Four people on Friday testified how the man accused of killing 16-year-old Joyce McLain 37 years ago confessed the alleged crime to them.

Philip Scott Fournier, who is on trial for McLain’s murder, told his minister, mother, stepfather and a co-worker that he killed the girl in a wooded area behind the athletic fields at Schenck High School in East Millinocket on Aug. 8, 1980, according to testimony.

The Rev. Vinal Thomas of Cocoa Creek, Florida; Wayne and Anita Powers, both of East Millinocket; and John DeRoche of Bangor said that Fournier, 57, of East Millinocket offered no motive.

Thomas and DeRoche said that Fournier told them he hit McLain in the head with an insulator from a power pole.

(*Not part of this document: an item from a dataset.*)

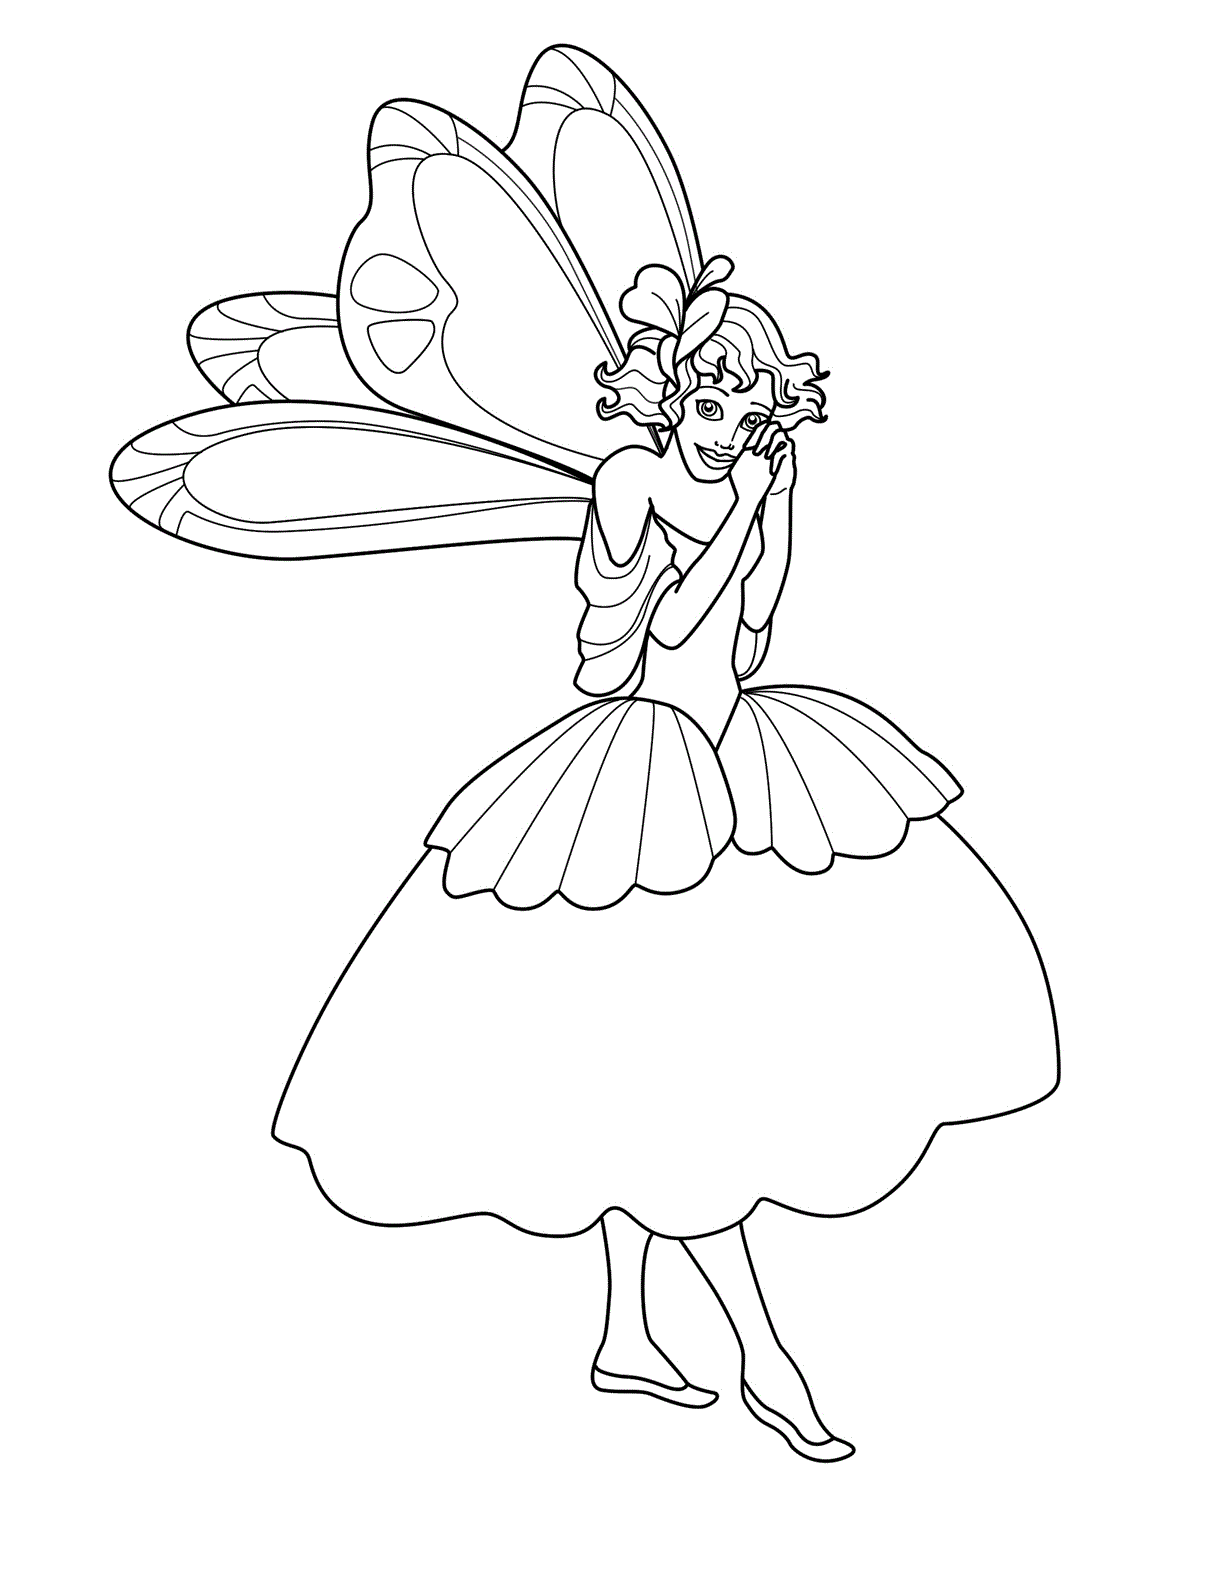 Free Coloring Pages For Kids Fairies Coloring Pages

Retired Maine State Police Sgt. Roderick Carr testified Monday that a broken insulator was found near McClain’s body. It has been entered into evidence but it has not yet been linked to McLain’s body or Fournier through forensic evidence.

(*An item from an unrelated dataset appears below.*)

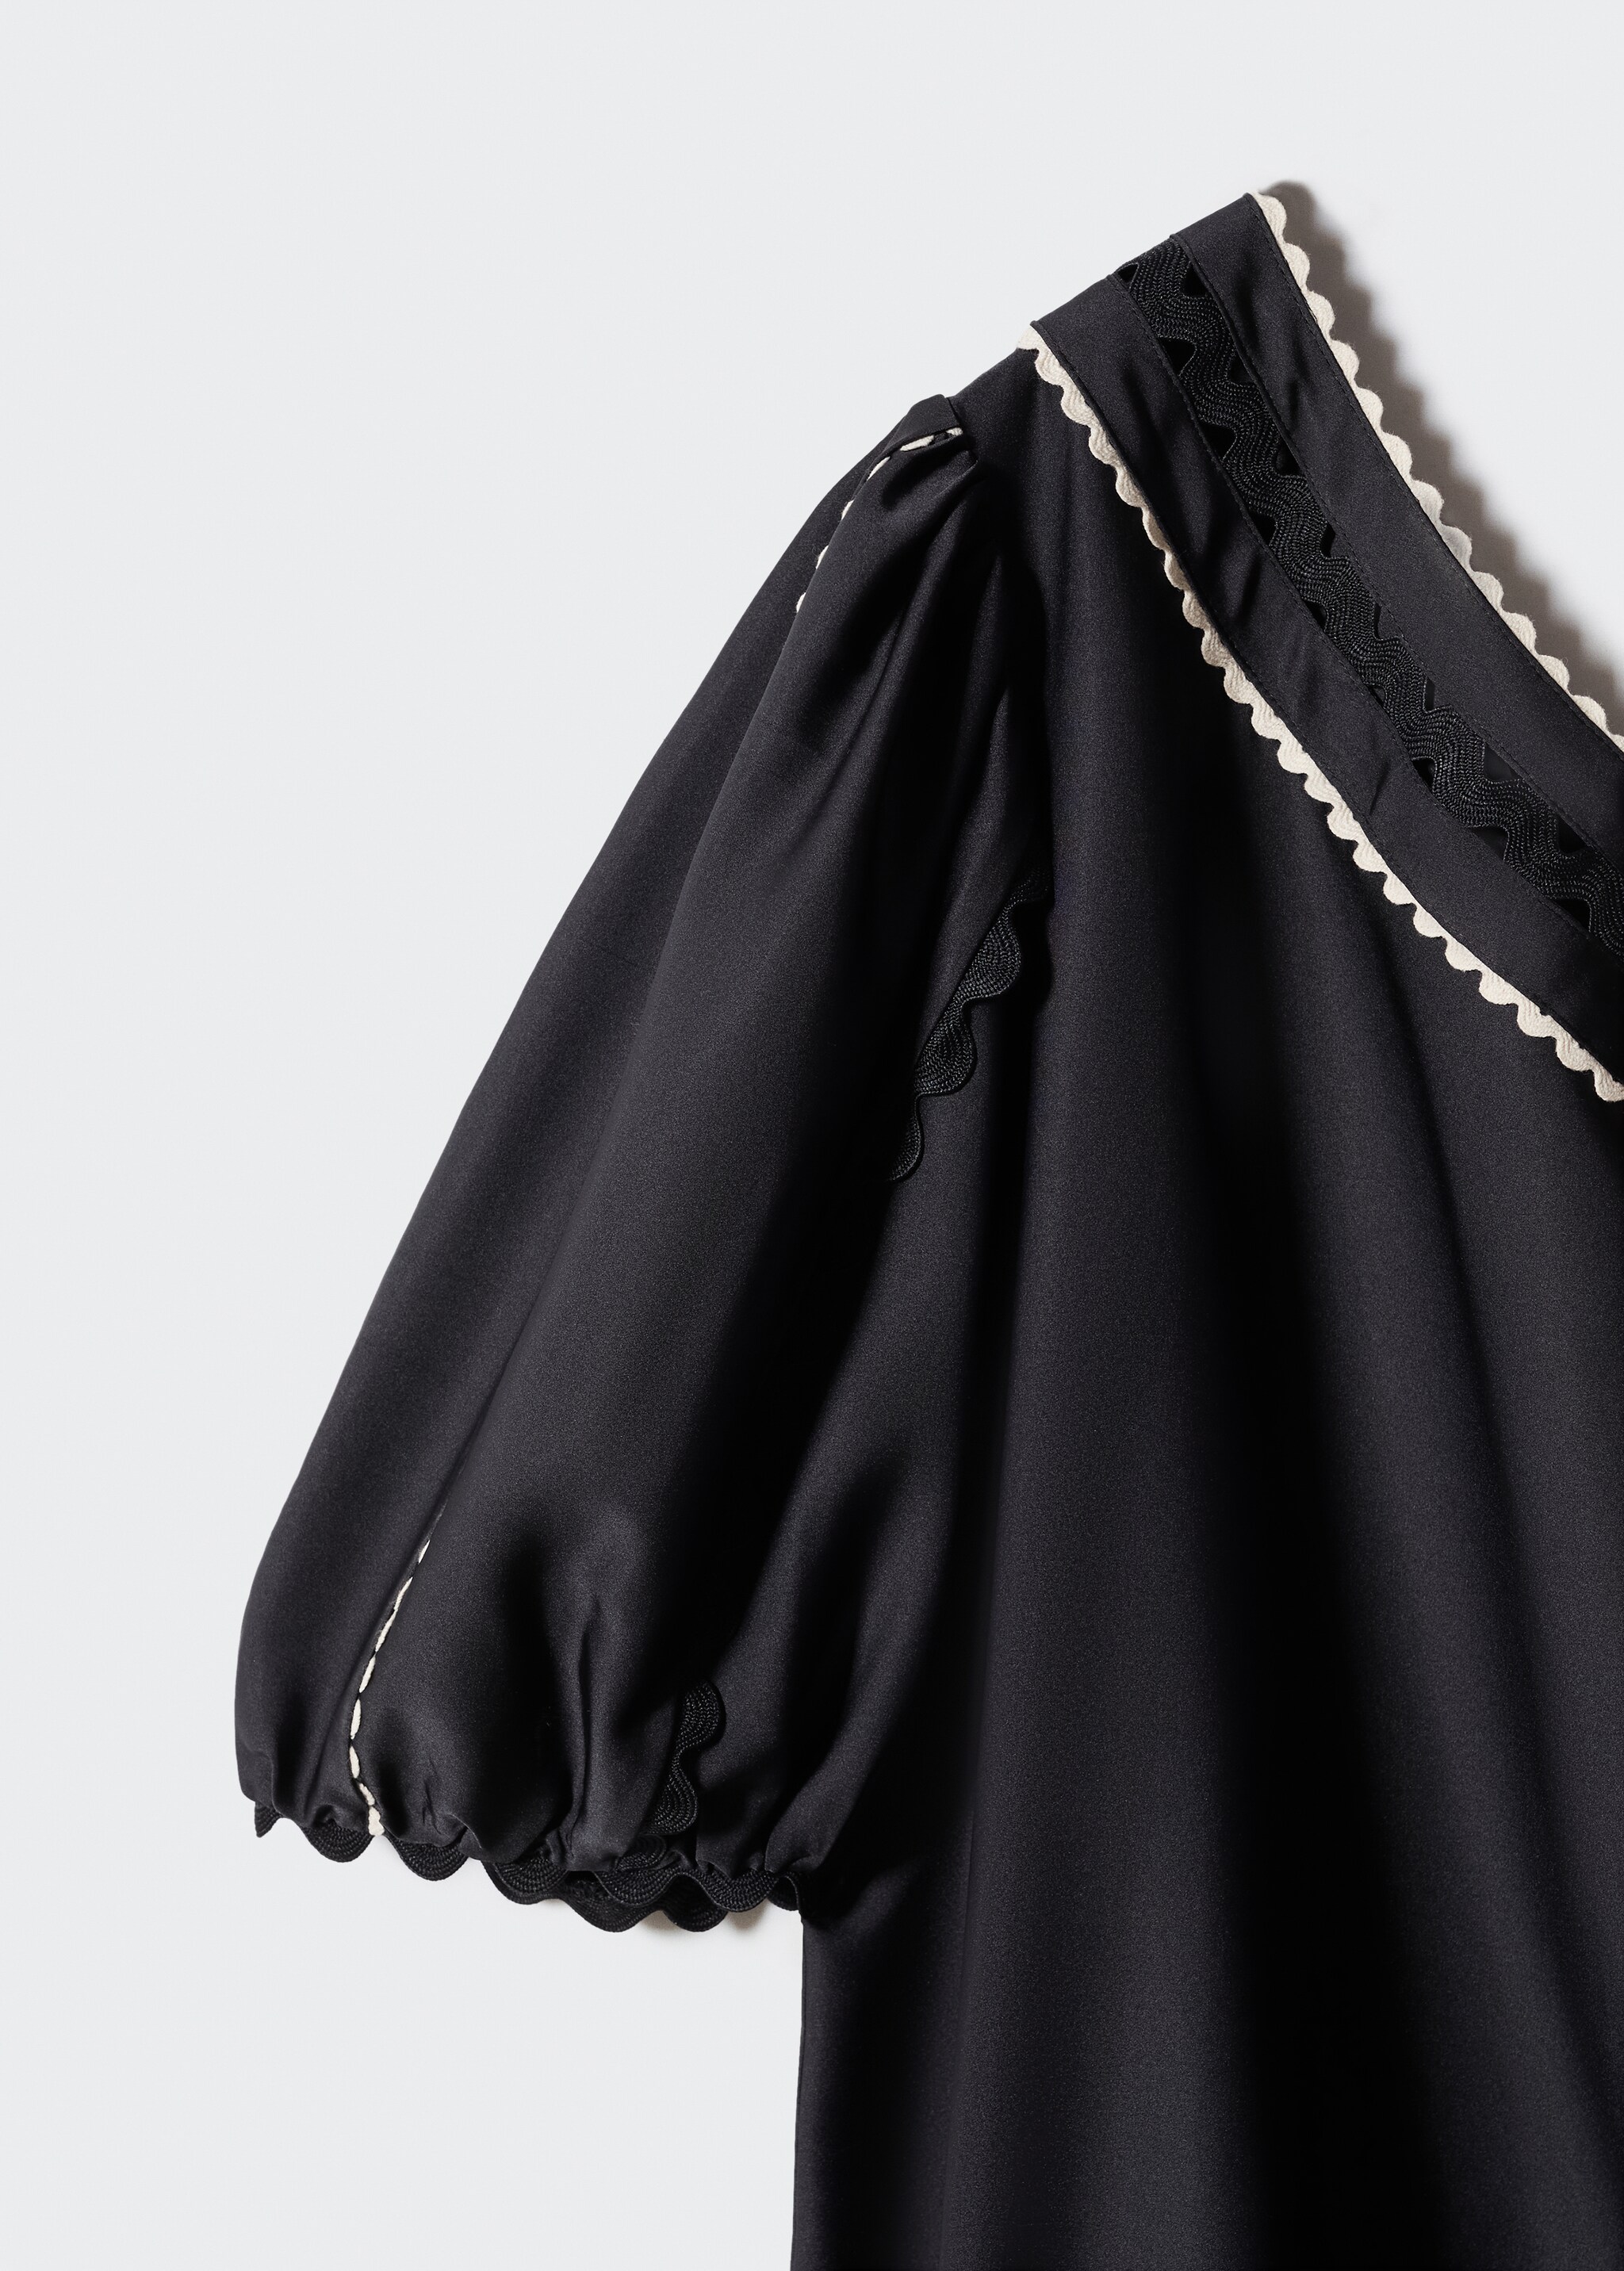 Asymmetrical satin dress - Details of the article 8

Thomas, who presided over McLain’s funeral service, knew Fournier and McLain because both had attended the youth group at his church, Calvary Temple Assemblies of God in East Millinocket. He testified Friday that Fournier called him in May 1981 and said he wanted to come over to the church office and talk.

“He seemed upset because he was wringing his hands and looked like he’d been crying,” Thomas said.

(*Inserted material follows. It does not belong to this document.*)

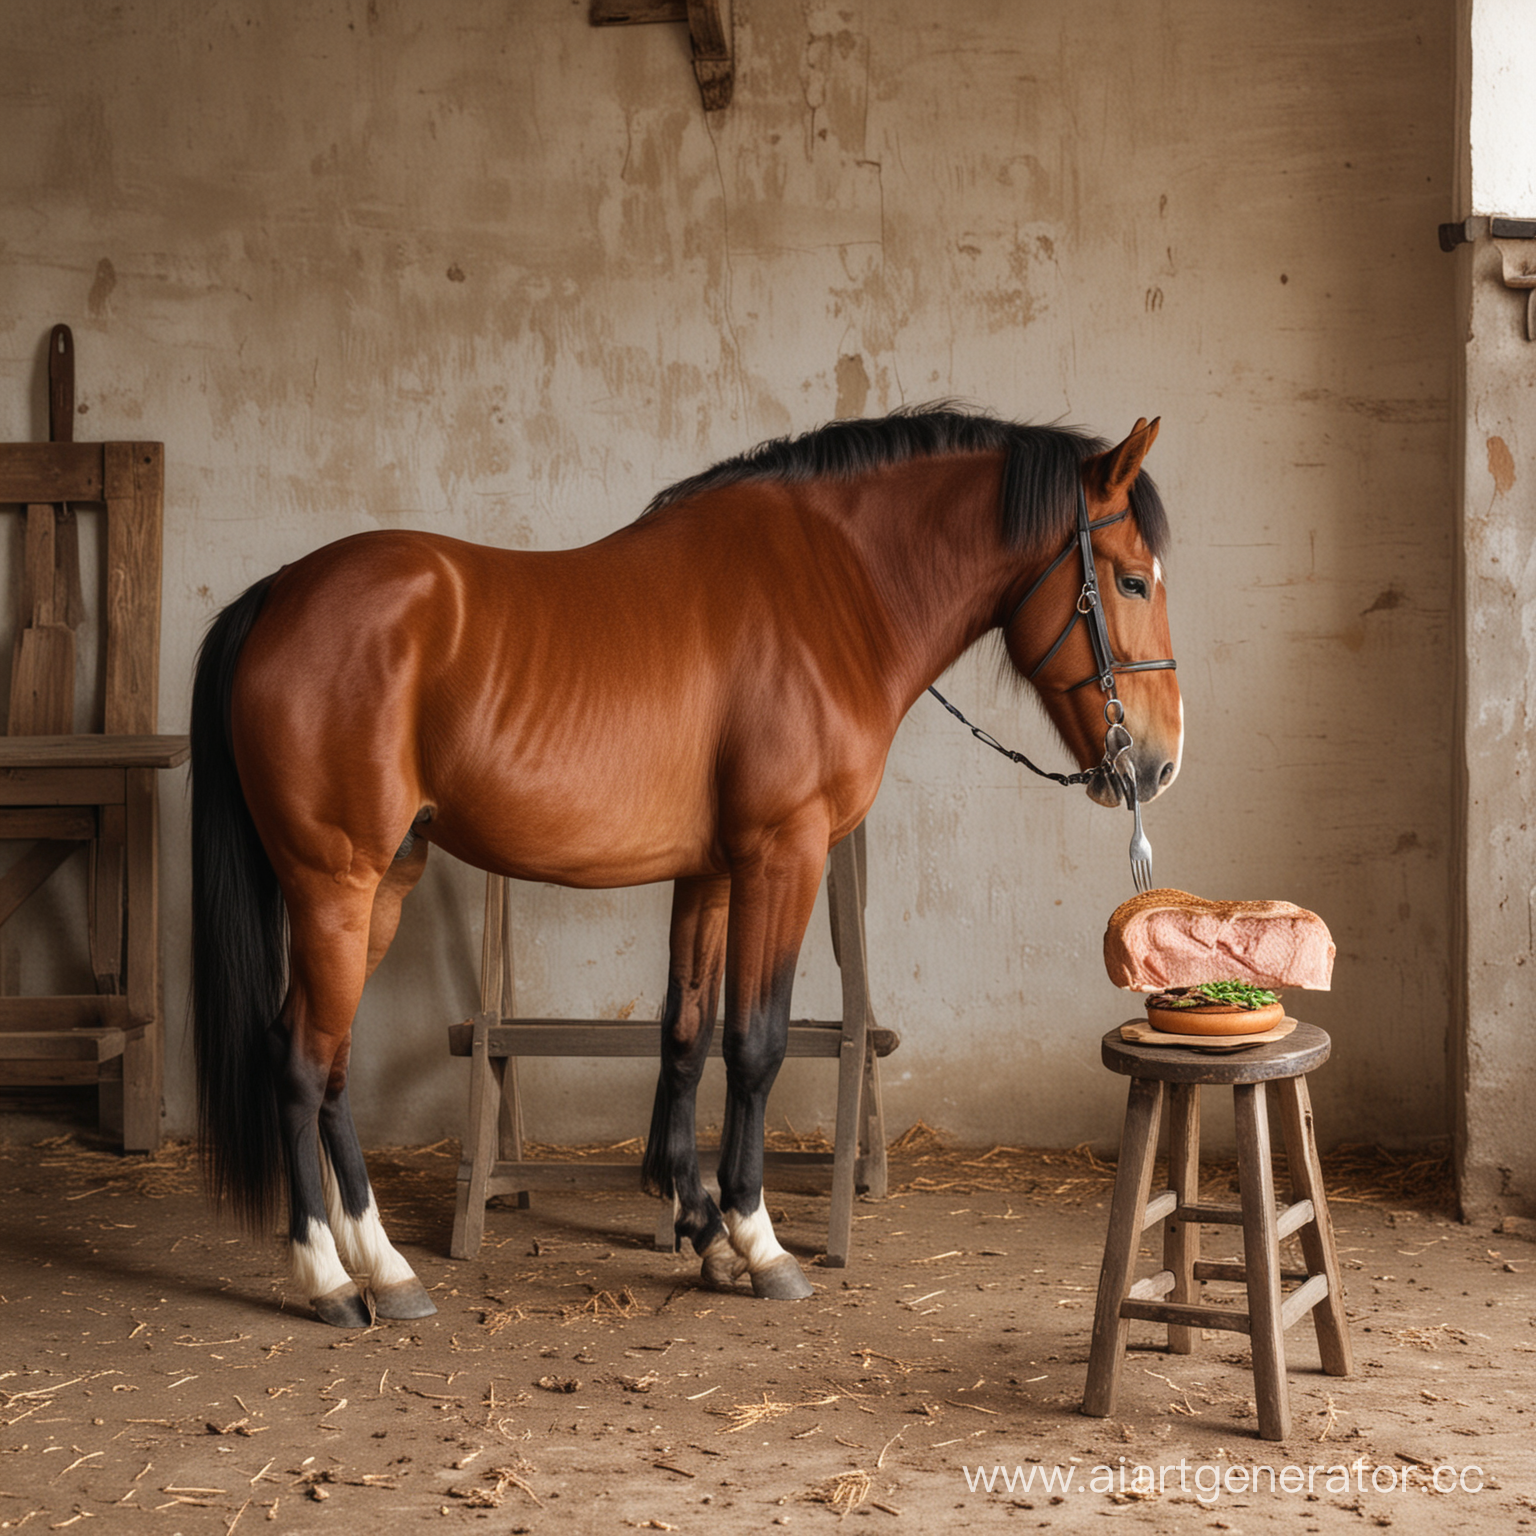 A horse sits on a stool and eats a huge cutlet with a fork

He described Fournier’s demeanor as “nervous.”

“He told me, ‘I murdered Joyce McLain,’ the minister testified. “I asked him how and I think he said he hit her on the head. I asked if he had sex with her and he said, ‘No. It was the wrong time of the month.’”

Investigators testified earlier this week that McLain died of a head injury and was having her period when she was killed.

“I said, ‘I think you’re a liar,’” Thomas testified. “He asked me, ‘What can I do to prove to you that I’m not a liar?’ I told him to call his mother and stepfather, have them come over and ‘tell them what you told me without variations and I’ll believe you.’”

Once the couple arrived, Fournier repeated his confession, the minister said.

Anita and Wayne Powers testified that when they arrived at the church office, Fournier told them, “I killed Joyce but I didn’t mean to.” Both said that he was crying when he confessed.

The Powerses and Thomas decided to take Fournier to Bangor to talk to police because they were concerned about his safety in East Millinocket if people knew he had confessed, according to testimony.

Thomas said that he drove to the Bangor police station, then located on Court Street, and waited outside in his car. Between 45 minutes and an hour later, Fournier came out of the police station and got back in the car.

“He said, ‘They don’t believe me. I must have said something wrong,’” the minister testified.

The minister said he dropped Fournier off near his home in East Millinocket and did not speak to him again.

Wayne and Anita Powers both said they were surprised when Fournier returned home because they expected him to be arrested after he confessed.

“He came in the house and said, ‘I didn’t do it, Mama,’” Fournier’s mother testified. “I was surprised to see him and very happy.”

The fourth alleged confession came in June 1989 when Fournier worked at what was then Husson College for a year as a janitor. DeRoche, who was a janitorial supervisor then, asked Fournier about McLain’s murder when he learned he lived in East Millinocket.

“I asked him if he knew about Joyce’s murder and he said, “I killed her. I know all about it,’” DeRoche testified. “I said, ‘How did you kill her?’ and he said, ‘I hit her with a glass insulator on the back of the head.’”

A few days later, DeRoche said, he asked Fournier why he had not been arrested.

“He said that he’d been interviewed 20 times or more and he’d ‘beat all the interviews,’” the janitor testified.

DeRoche said that he told Husson security in 1989 that a suspect in McLain’s murder was working at the college. After Fournier was arrested in March 2016, DeRoche told his story to detectives with the Maine State Police.

Retired state police Detective Ronald Graves interviewed Fournier at the Bangor Police Station in May 1981 and testified Thursday that he did not arrest him for McLain’s murder that day because what Fournier said did not match the evidence.

The defense maintains that Fournier’s inconsistent statements to police over the years, which include denials that he killed McLain, were

due to a traumatic brain injury he suffered in a vehicle accident in neighboring Medway at about 3 a.m. on Aug. 9, 1980, the day after McLain’s death and the day before her body was discovered.

Fournier’s mother testified Friday that her son was never the same after the accident. She said that he “seemed to have a lot on his mind.”

The trial, which is expected to take another eight to 10 days, will resume Monday with testimony from forensic experts at the Maine State Police Crime Laboratory and the medical examiner.

The defense is expected to begin presenting its case Tuesday by calling many of the retired detectives who questioned but did not charge Fournier over the years.

If convicted, Fournier faces between 25 years and life in prison.